Anyone can look at a stat page or box scores or a website and easily find the hitters today or from days past that are the elite, the ones who always hit .320, or always hit 40 homeruns, or always have .550 slugging percentages, for example. But harder to figure out is why some players can have stat lines of .283/.388/.557 with 35 HR and 101 RBI one year, and then put up .235/.396/.463 with 23/58 numbers the next (thank you 2005-2006 Morgan Ensberg for the example). Or why some players will be phenomanal for one season and then mediocre the next two, and then be great again, but then regress back to more pedestrian numbers.
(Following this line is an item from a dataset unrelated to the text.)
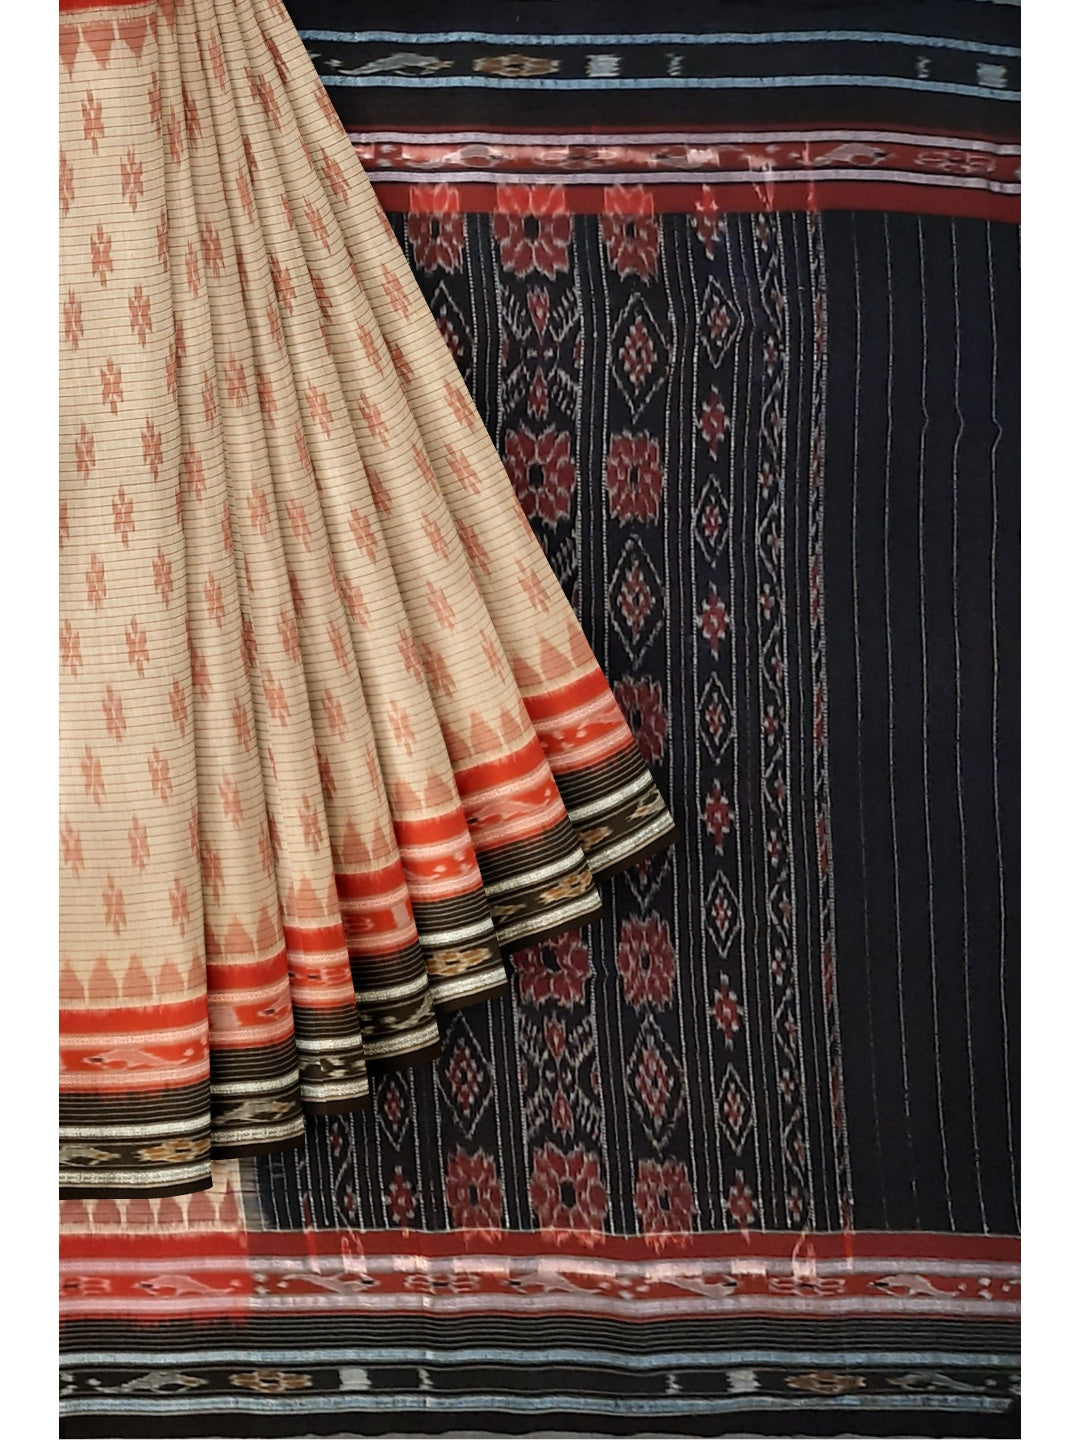 Beige with double border Odisha Ikat saree with cotton ikat blouse piece

In the past four or five years, the statistic of Batting Average on Balls in Play (or BABIP) has been looked at as a key indicator of consistent (or nonconsistent) offensive performance. Essentially, the definition of BABIP is just what it sounds like, it is the batting average of every ball a batter puts into “play” on the field. So, home runs, and strikeouts are not counted in this stat. The formula is (H-HR)/(AB-K-HR). Foul balls that are “play”able are also counted. So, a foul grounder is not included, but a pop foul caught by the third baseman is. A BABIP of about .288 to .290 is considered average according to most sources I have found. The Hardball Times and Baseball Prospectus both have good definitions and explanations or you can just click the Stats Glossary link above.
The thing I like about BABIP is that it is not dependent upon any other statistic other than making contact with the ball. It can be looked at before you measure anything else about the at bat. Everything from RBIs to doubles to runs scored to stolen bases happen after BABIP. It’s like saying, “let’s see how good you are at producing by putting the ball in play, then we’ll talk.”
Anyway, here are the top 20 in BABIP for the National League in 2006 taken from The Hardball Times:
Looking closer at this top 20 list from ‘06 list, I see eleven that are producing at about the level you would expect this year (Cabrera, Holliday, Hawpe, Utley, Ramirez, Gonzalez, Bay, Lo Duca, Taveras, Freel, Tracy), one who is extremely over-producing (Jenkins), and one who is one the DL (Roberts). From this, you have seven left who are legitimately struggling or having an “off-year” at least by their past accomplishments. A few can be attributed to minor injury, but I want to examine that group.
Freddy Sanchez - 2006 numbers - .344/.378/.473:
Sanchez was injured to start this year, causing him to miss a few games the first week. But, since then, what has happened to last year’s batting champ? His numbers this year only show a .262/.298/.311 line, plus a BABIP of only .308. This case is actually one of the easiest to decipher. For a line drive hitter who never hits homeruns, all of his hits are in play. And when your BABIP is 80 to 90 points above league average, a lot of regression should be expected the next year.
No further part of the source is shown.